The site of Paestum was occupied during prehistory. Near the basilica were found objects dating from the Paleolithic to the Bronze Age; near Porta Giustizia, remains of huts have been discovered; At the temple of Athena and towards Porta Aurea, a Neolithic settlement was highlighted.
One imagines that two villages could have existed on the small hills corresponding to the basilica and the temple of Athena, and that between them a river would have crossed the expanse which was subsequently occupied by the forum.
The Eneolithic (Italian Chalcolithic) left more traces with the necropolis of Gaudo, about 1.5 km to the north.
From Sybaris to Poseidonia
The most important Greek colonies of the Mediterranean were founded in Asia Minor and in Magna Graecia (Magna Grecia, corresponding to southern Italy and Sicily), of which Poseidonia (Paestum) was a part.
But, we lack accurate information about the circumstances of the founding of the city, which took place around the middle of the seventh century BC.
However everything seems to come from the city of Sybaris, which established commercial colonies along the Tyrrhenian coast, like Laos, then further north at the mouth of the Sele where was founded a sanctuary dedicated to Hera, close to the future place of Paestum.

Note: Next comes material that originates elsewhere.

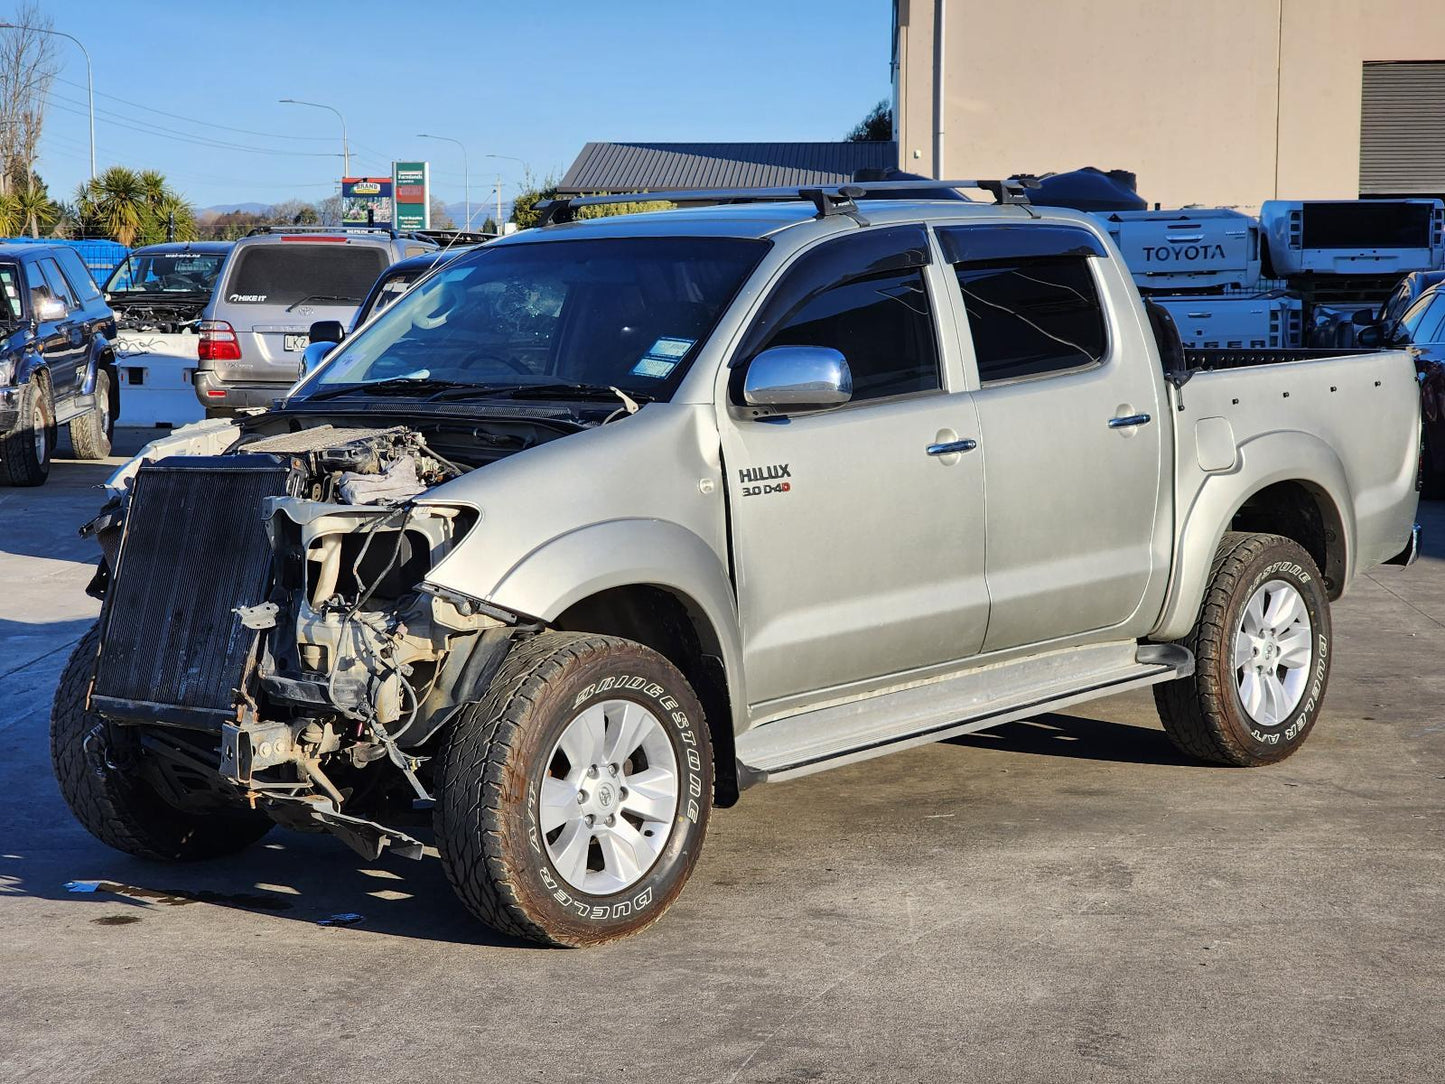 Now Wrecking: 2005 Toyota Hilux KUN26 - A526C

Strabo, the famous historian and geographer who lived at the time of Augustus (between 60 and 20 BC), reports indeed that around – 600, the sybarites installed a fortified place near the mouth of the Sélé River.
Sybaris, on the Gulf of Taranto, which is the motherland of Poseidonia, was founded in 720 BC by some Achaeans.

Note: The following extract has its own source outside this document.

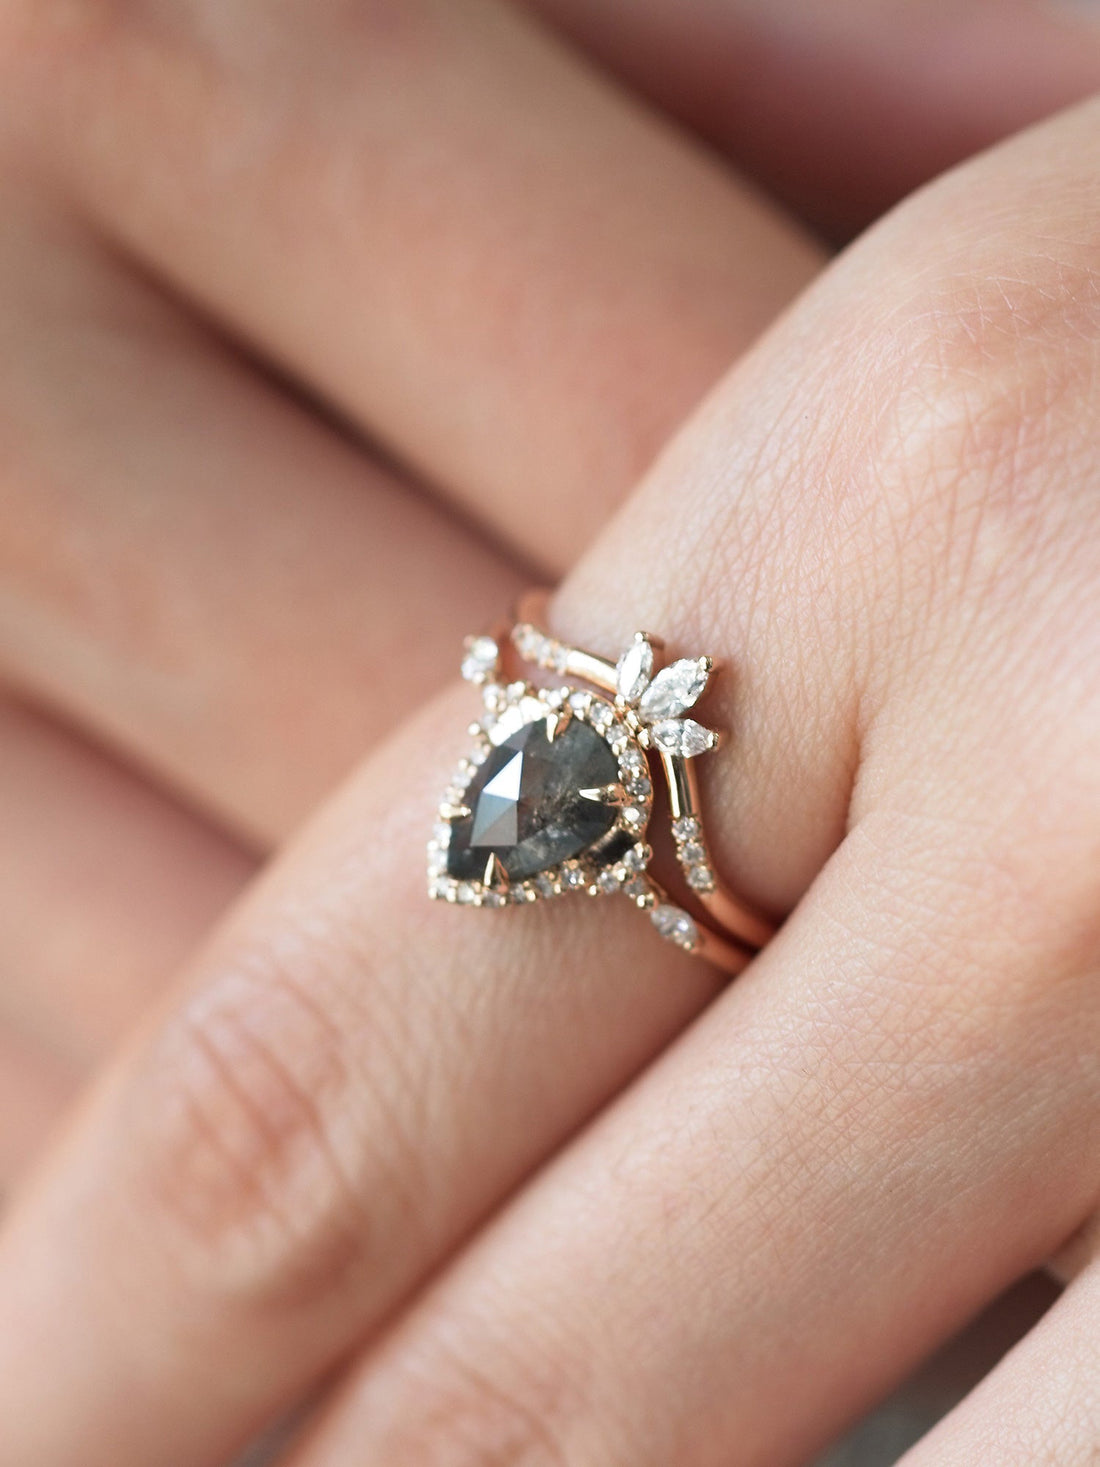 Pear-shaped salt and pepper diamond engagement ring in 14k rose gold  with matching band inspired by the art deco style and minimalism on model&

This city was notoriously prosperous, known for its luxury and power, as reported by Diodorus Siculus in the 1st century BC, writing that “the sybarites were slaves of their bellies and lovers of luxury.”
This expansion of the colonies was thus linked to the need of the Sybarites to open a trade route between the Ionian Sea and the Tyrrhenian Sea, cutting through the Apennine Mountains, thus avoiding the bypass of the Calabrian coast and the Strait of Messina by sea.
Called Poseidonia in honor of the god of the sea Poseidon, it was strategically located at the crossroads of trade routes between the Ionian Basin, the Tyrrhenian Sea, and the Italic regions of the interior.
Thus, the Sybarite trade developed as well by sea, between the Greeks, Etruscan and Latin, as on the ground, in contact with the native populations.
It was clearly in the second half of the 7th century that Poseidonia was developed. In a necropolis located just outside the enclosure, was found Corinthian Greek material which show that the city existed in 625 BC.